This week, AttackIQ acquired DeepSurface to broaden its vulnerability and attack path management capabilities to help enterprises identify and mitigate the most pressing vulnerabilities in their environments.
The acquisition enables AttackIQ to add automated vulnerability prioritization within complex IT environments. Founded in 2017 and headquartered in Portland, Oregon, DeepSurface’s RiskAnalyzer platform contextualizes, using roughly 50 data points, vulnerability risks, including an organization’s existing security defenses and other compensating controls, such as network configurations, user behavior, and threat intelligence to predict exploitable attack paths.
The acquisition combines that contextual risk analysis from DeepSurface into AttackIQ’s AEV platform, enabling organizations to predict and neutralize threats by simulating real-world adversary behavior and contextualizing vulnerabilities within specific infrastructure environments. This allows security teams to prioritize risk based on potential business impact. Security and operations teams can patch highly vulnerable systems first and then fix or mitigate the rest through other steps that keep the systems secure.
Traditional BAS tools automate the process of simulating cyberattacks to evaluate defenses by analyzing identified vulnerabilities and validating existing security controls.
Michael Farnum, advisory CISO at enterprise technology services provider Trace3, said the extended capabilities in AttackIQ’s platform should make time-stressed security and operations teams work smarter. “It currently gives an edge to AttackIQ over other BAS tools that don’t do a good job at helping to figure out prioritization of the vulnerabilities that they reveal during testing,” he said.
AttackIQ chief commercial officer Carl Wright highlighted the platform’s role in cutting through “exposure noise,” enabling teams to focus remediation efforts on vulnerabilities most likely to be exploited and enable customers to validate defenses against the most current tactics, techniques, and procedures, along with active threat monitoring, attack path mapping, and automated security control validation.
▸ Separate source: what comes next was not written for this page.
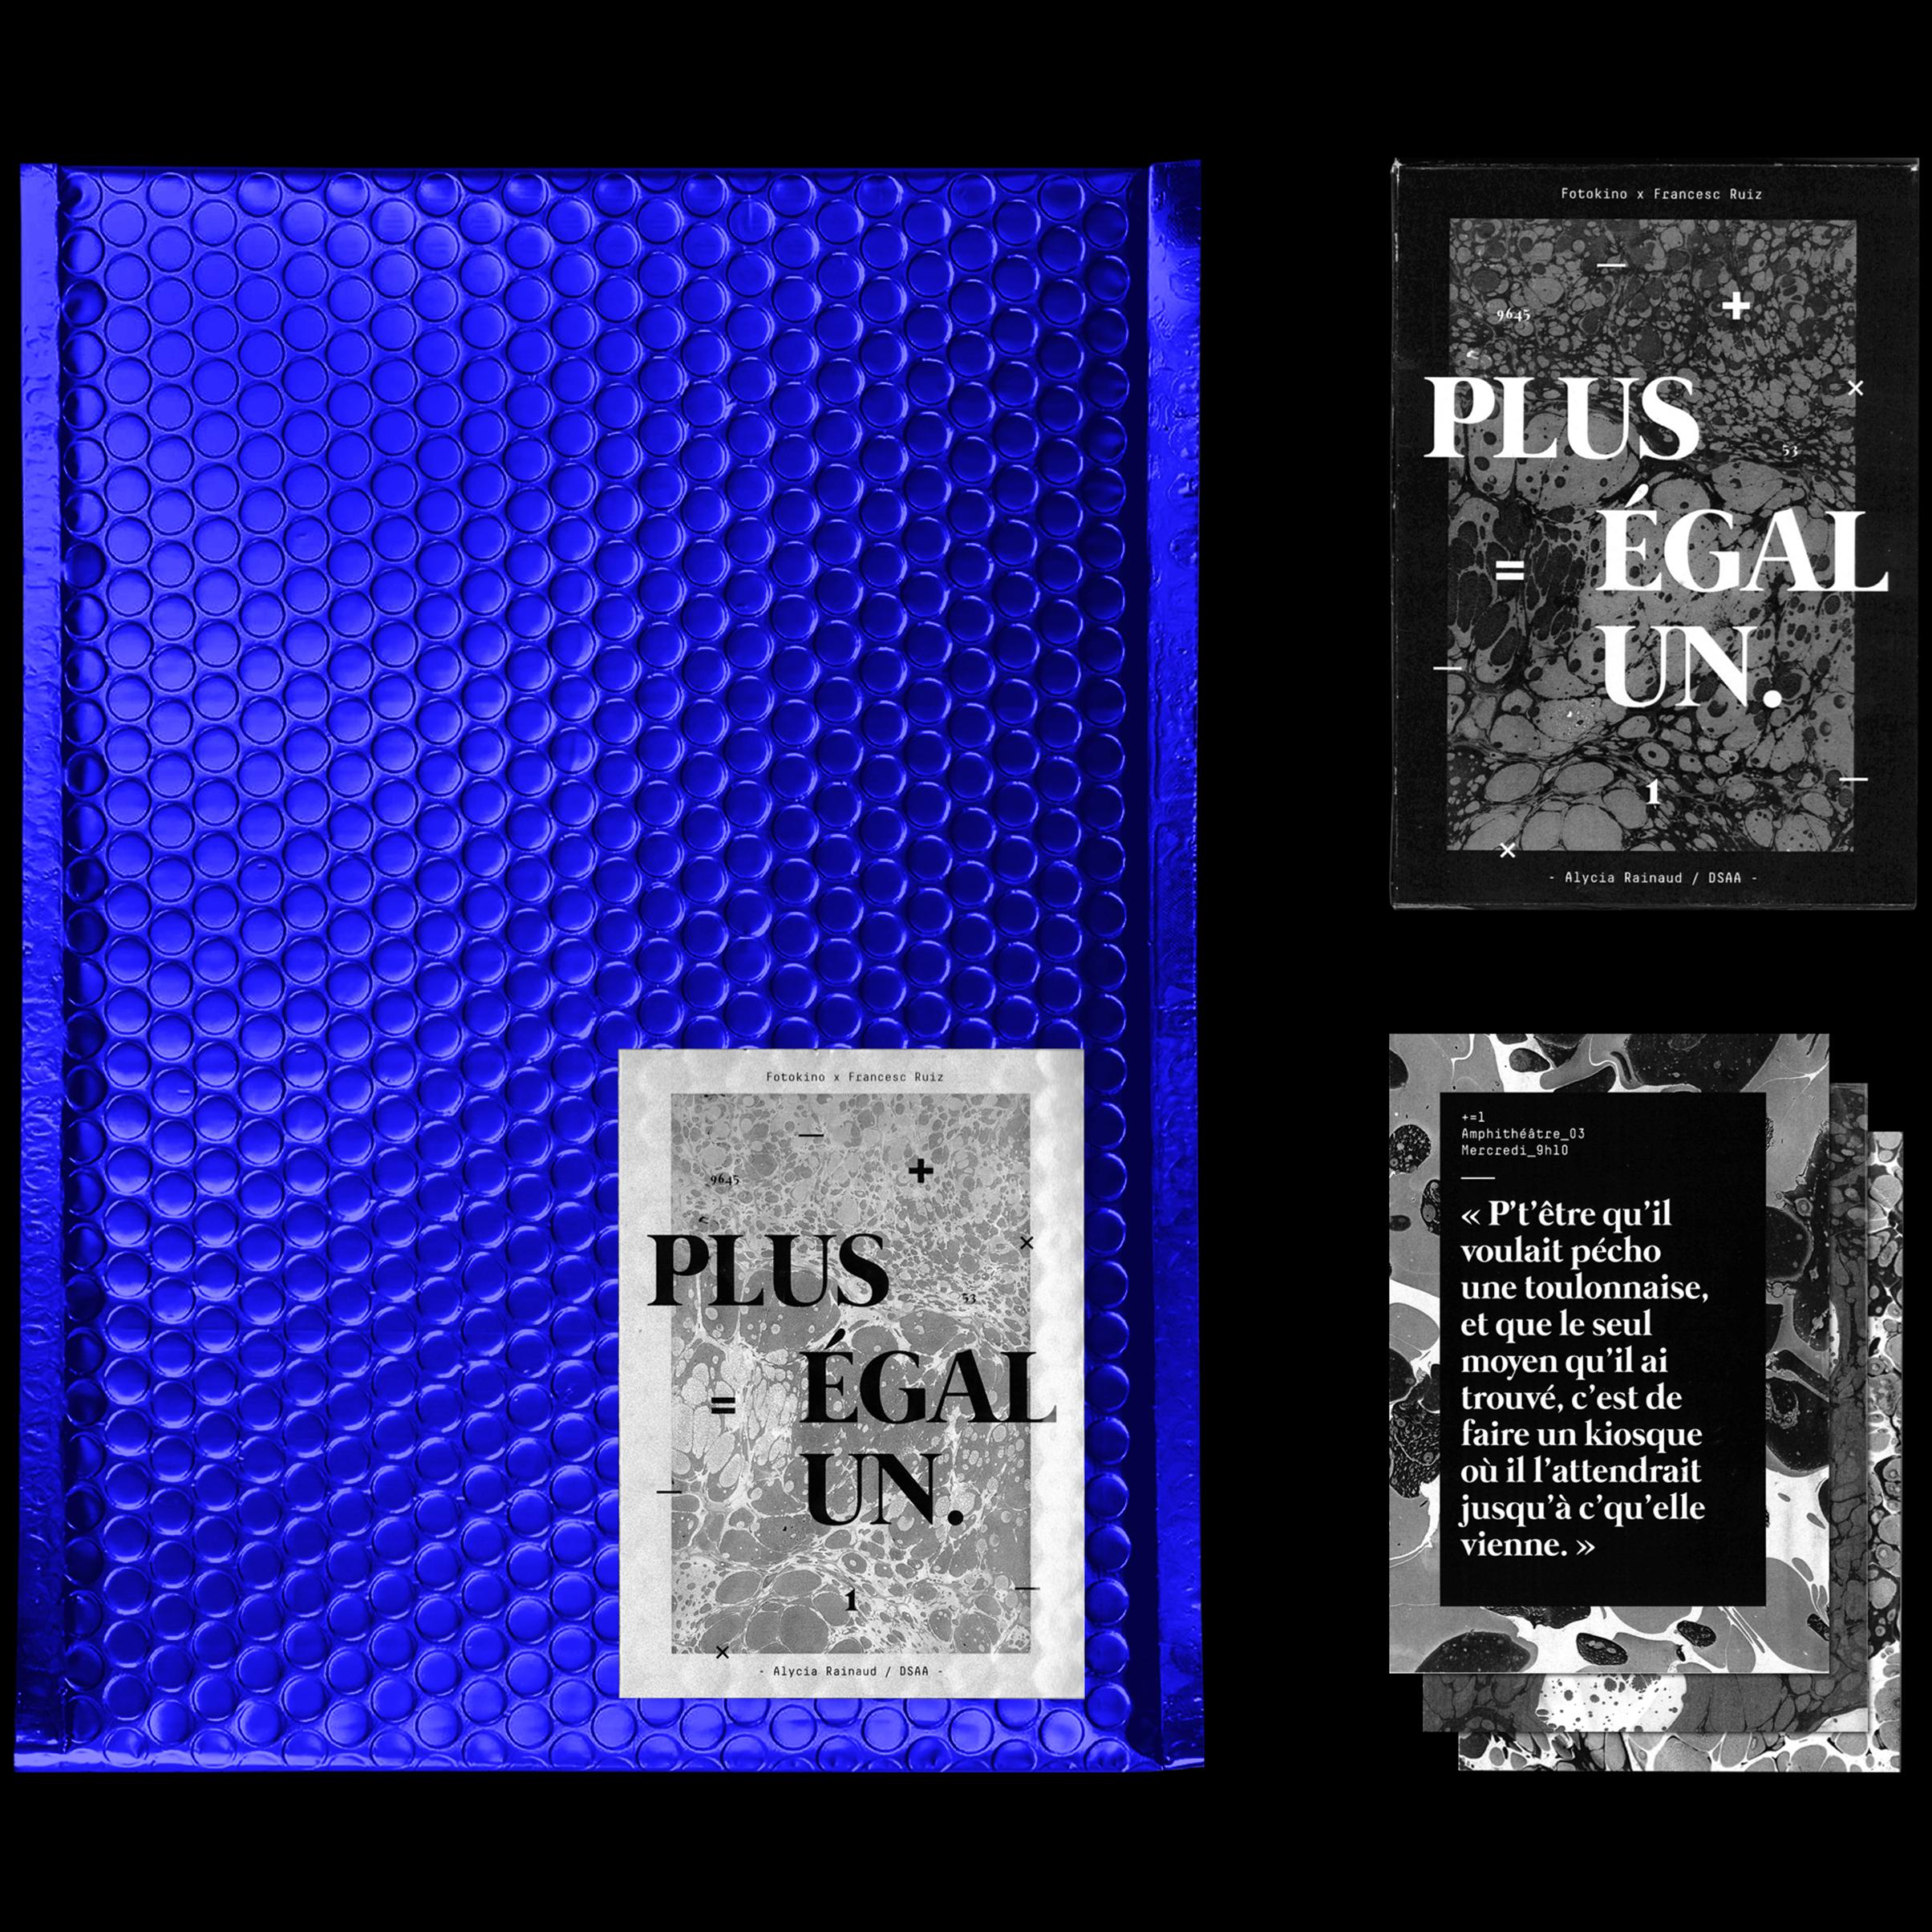 plusegalun-thumbnail-2

The integrated system aligns with MITRE’s continuous threat exposure management framework and works across complex enterprise environments. Wright added that future development will focus on expanding attack path analysis and purple teaming automation, ensuring defenses evolve in lockstep with adversarial innovation.
Wright added that many organizations have teams that are often too siloed and don’t collaborate as well as they should, such as threat intelligence teams, red teams, and security operations analysts. “What we’re doing will help integrate these different teams better, providing a more comprehensive view of the organization’s security posture and respond faster,” he said.
Scott Crawford, research director for information security with 451 Research, part of S&P Global Market Intelligence, said the combination of AttackIQ and DeepSurface complements the two companies’ capabilities and may provide value to the results that AttackIQ’s BAS tools provided. “Breach and attack simulation and controls testing must have targets to evaluate, but without knowing the scope of an organization’s cyber exposure, an understanding of the target landscape may be incomplete,” he said. This combination should give customers a better view of their exposed risk posture. “This includes assets the organization may not know are exposed, which then gives security controls evaluation a more complete view of the landscape to evaluate. The deal appears largely to be one of complementary technologies,” Crawford said.
The capabilities will be released at RSAC, formerly RSA Conference, in late April. The capabilities will be integrated throughout AttackIQ’s portfolio, including AttackIQ enterprise product, AttackIQ Ready! (for mid-sized organizations), and ad-hoc testing with AttackIQ Flex.